Chiles was the only woman on the U.S. team other than Biles who competed in all four events in Tuesday's team final. Head coach Cecile Landi said that, like Biles, Chiles knew that the highest-scoring team included her on every rotation and she was up for the job. "She loves competing," Landi said. "She worked for today and she had a blast."

Chiles also competed in the all-around in team qualification Saturday, hit all four routines and finished fourth overall in the standings. But because of a brutal rule that allows only two gymnasts per country to compete in the all-around final, and because Biles and Lee finished first and third, Chiles, who finished less than a tenth of a point behind Lee, will not compete for a medal.

Tuesday night was her all-around final.

"It was amazing to have her do the all-around and show how great she is at gymnastics," team strategic lead Chellsie Memmel said. "I love that she was able to contribute so much to the team."

Chiles was the perfect athlete to lead off the first rotation on vault, an event that is charged with emotion for the U.S. women.

It's where, in the team final in Tokyo, Biles realized she had the twisties -- a dangerous loss of air awareness on twisting skills -- so badly she couldn't continue the competition.
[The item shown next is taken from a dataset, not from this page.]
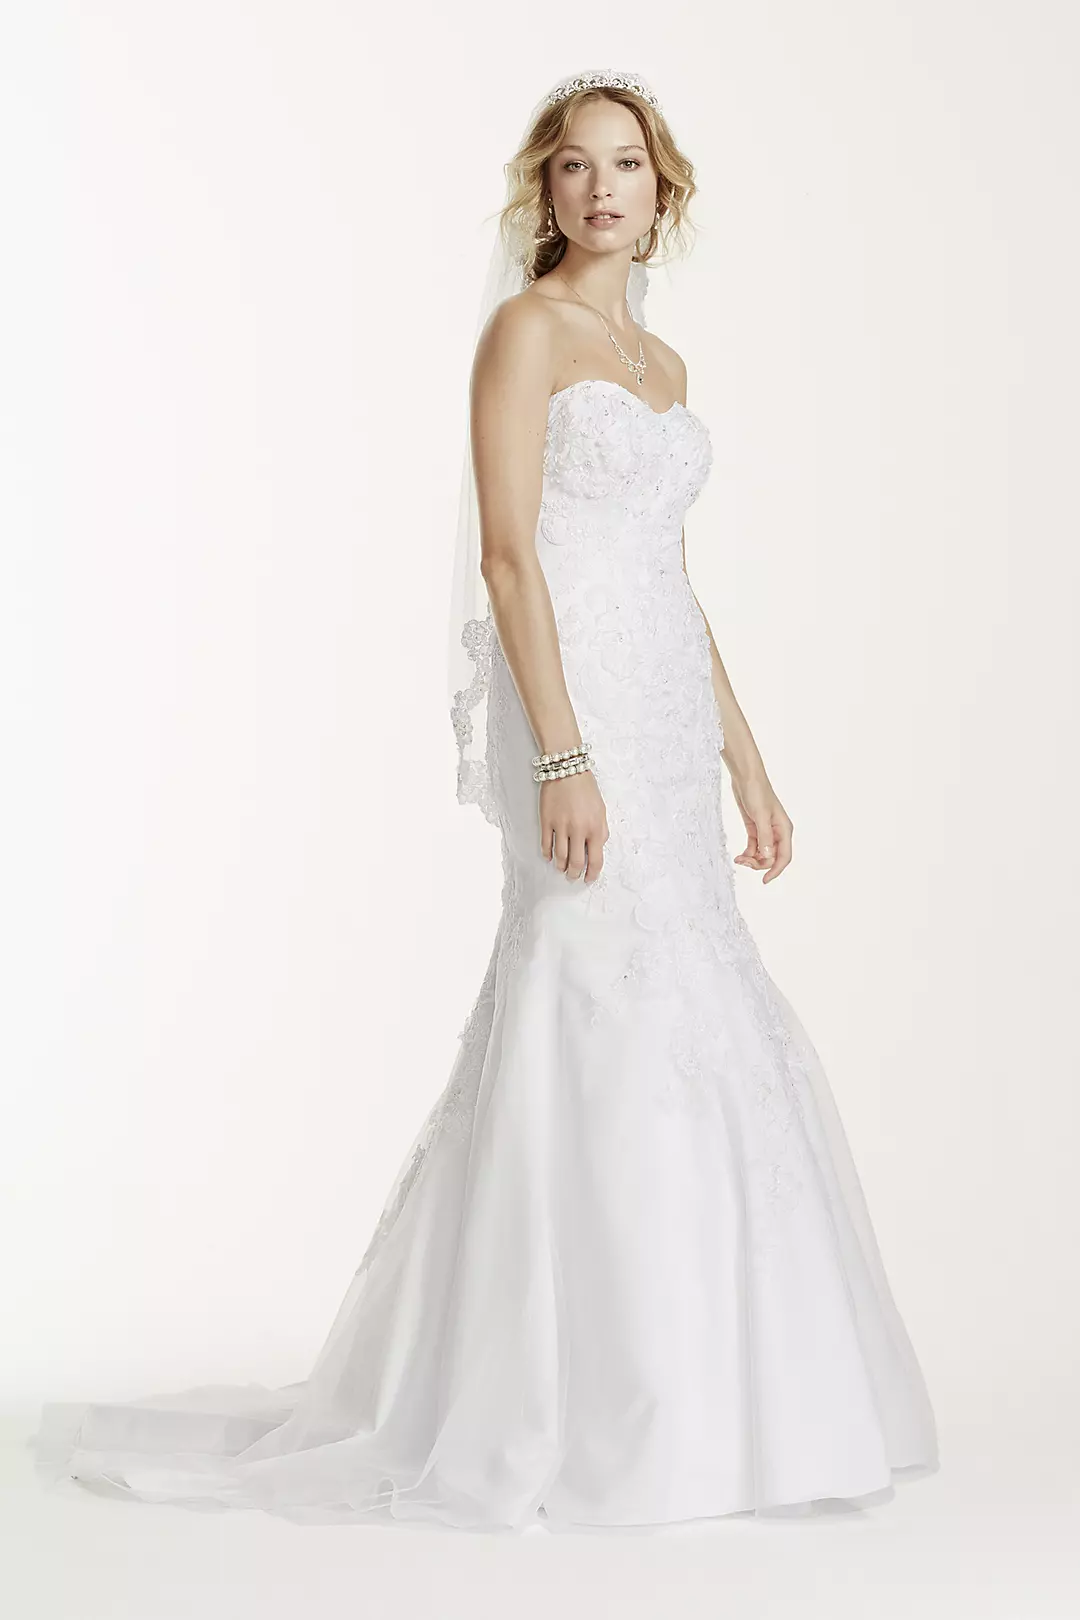 Jewel Tulle Over Satin Wedding Dress with Soutache Image

It's where, also in Tokyo, Jade Carey tripped on the runway during event finals and fell out of medal contention. It's where, just last month, two of the top Olympic hopefuls were injured minutes before competition started at U.S. trials.
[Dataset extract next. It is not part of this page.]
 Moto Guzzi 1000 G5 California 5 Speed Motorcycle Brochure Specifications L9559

And it's where Chiles stood in the chalk box before opening competition for the Americans and laughed and danced and waved to the crowd. When her name was announced, she raised her hand, sprinted down the runway and nailed a double-twisting Yurchenko. She took a slight hop on her landing -- and then danced some more. Then she became the loudest fan in Bercy Arena for Carey and Biles, who rocked their vaults, too.

"I'm super proud of Jordan," Landi said. "A lot of people counted her out, especially last year when she didn't make the worlds team and when Pan Ams was a struggle. She had some injuries earlier this year and nobody counted her on this team. We kept telling her, 'You never know until it's over, so keep working, keep holding your head high and we will do what we can to help you.' She did the work, and she is now a champion today."
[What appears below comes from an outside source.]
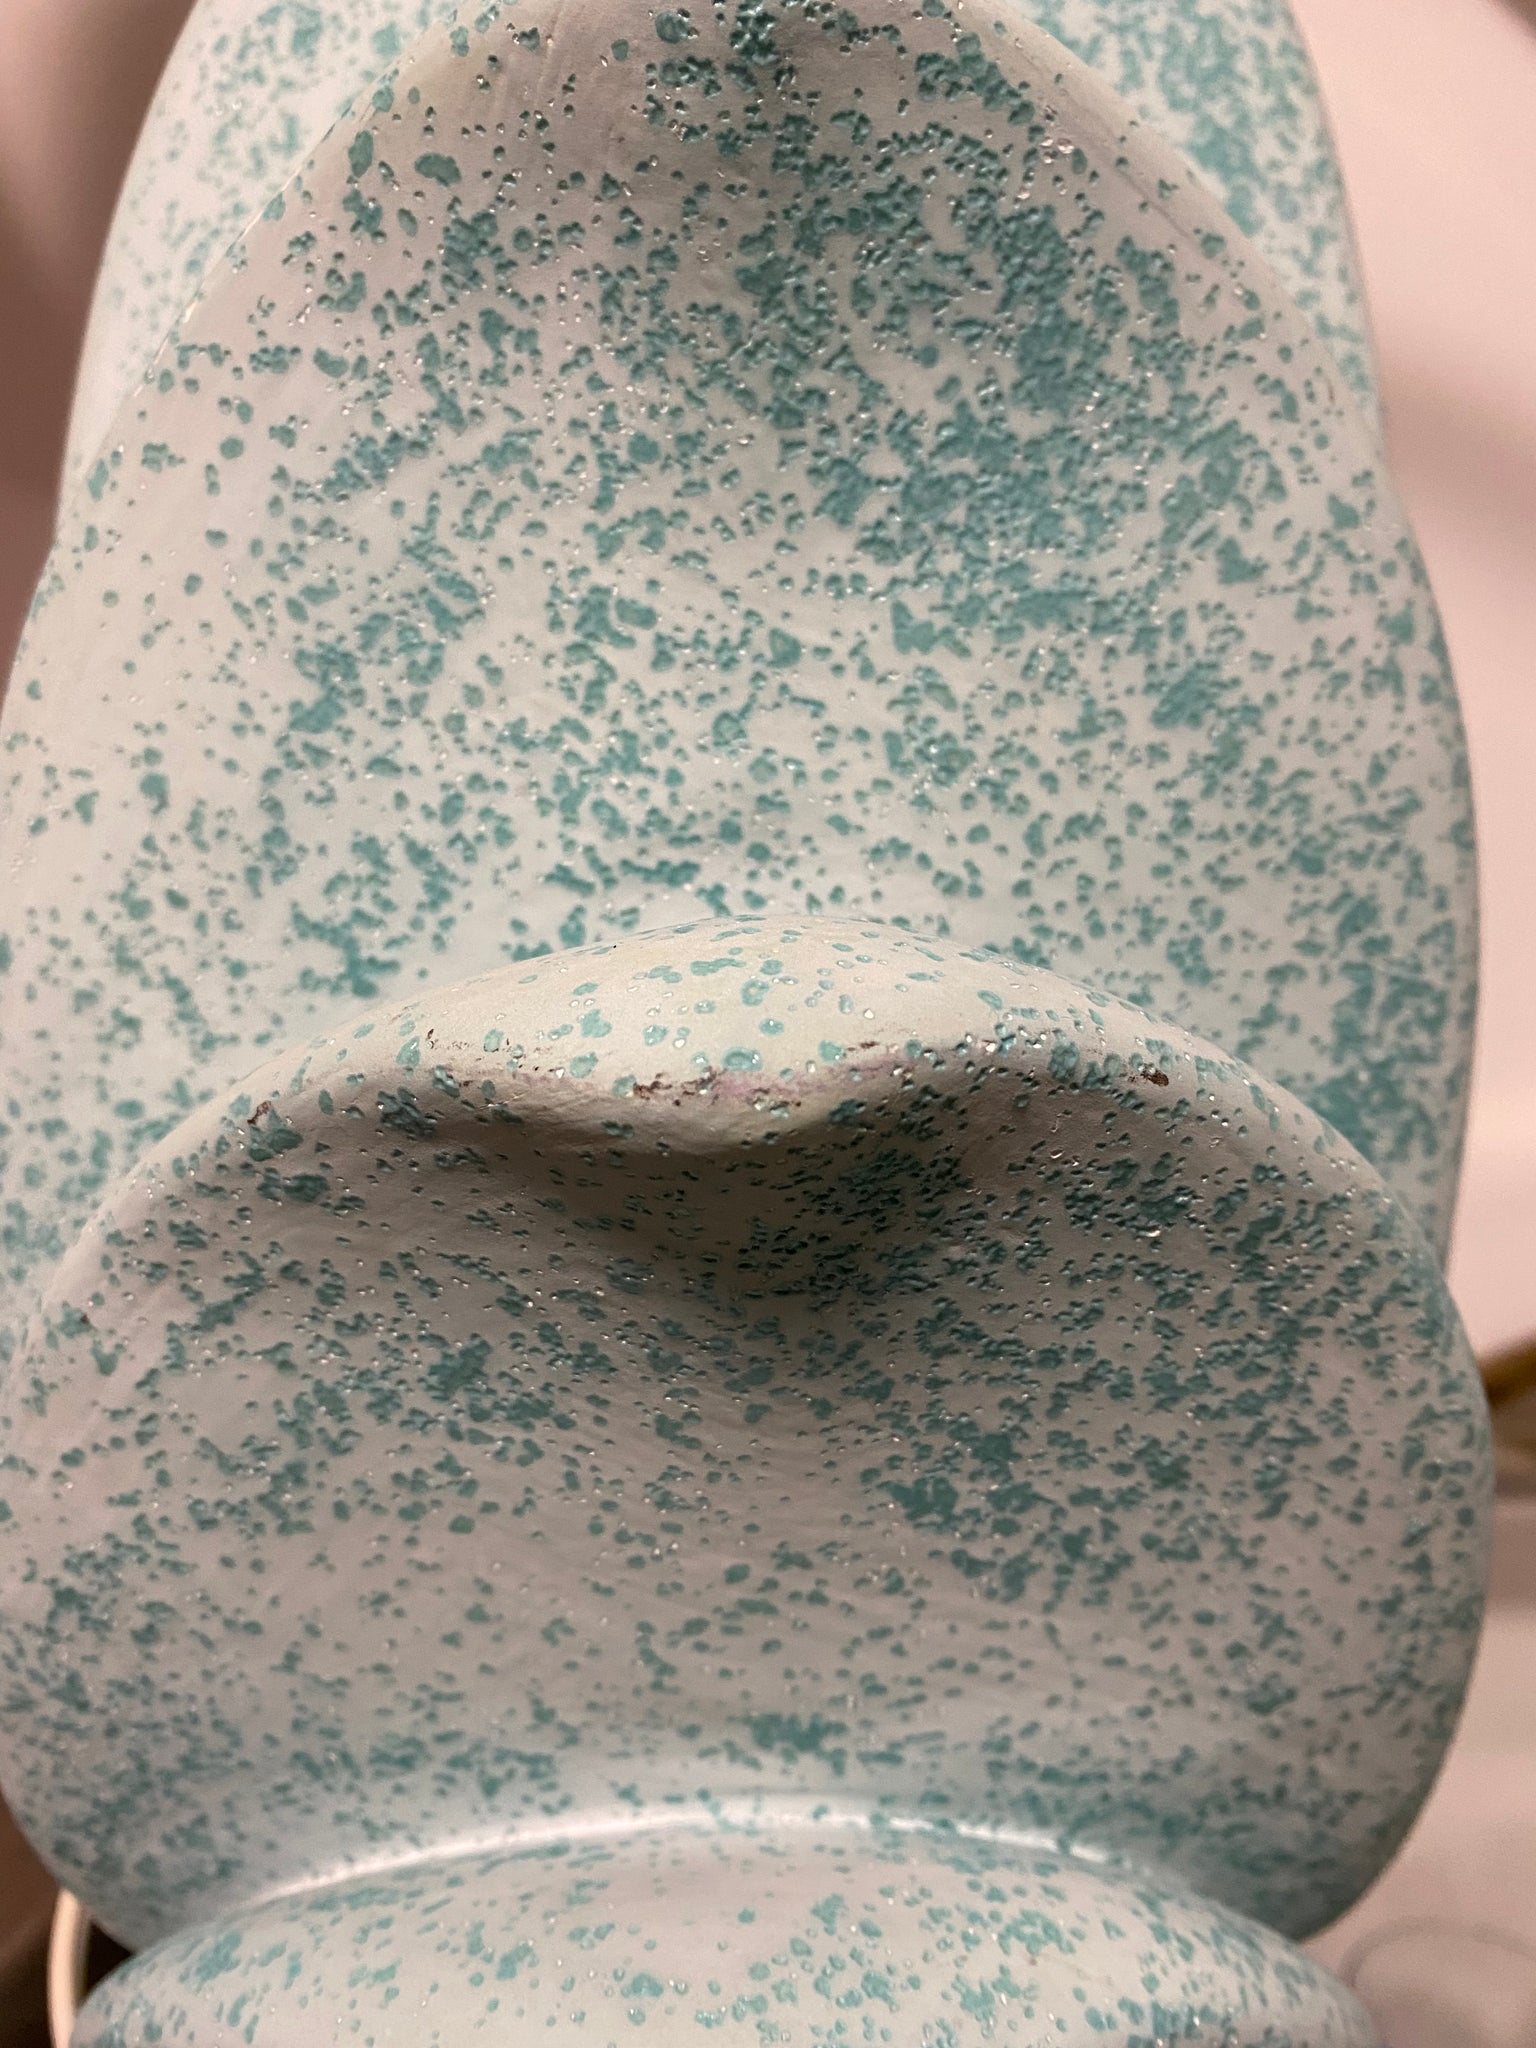 Speckled aqua blue ceramic wave art deco lamps

Chiles was the leadoff gymnast for Team USA in their first three rotations, where she set the tone for her teammates. Even when she fell on her front pike mount on beam, she remounted and nailed one of her best beam routines of the year, stuck her dismount cold and sent the crowd into a frenzy. "The old Jordan maybe would have fallen apart," Landi said. "But she got back on that beam -- and an angry beam routine always works well for her now."

And if "redemption" is the theme of this Olympic team, Chiles got some of her own shortly after dismounting the beam, in the form of a floor routine no one will soon forget. Although she will miss the all-around, Chiles qualified into next Monday's floor final, where she has one more opportunity to showcase her powerful tumbling and Beyonce-inspired choreography -- and earn a medal that's all her own.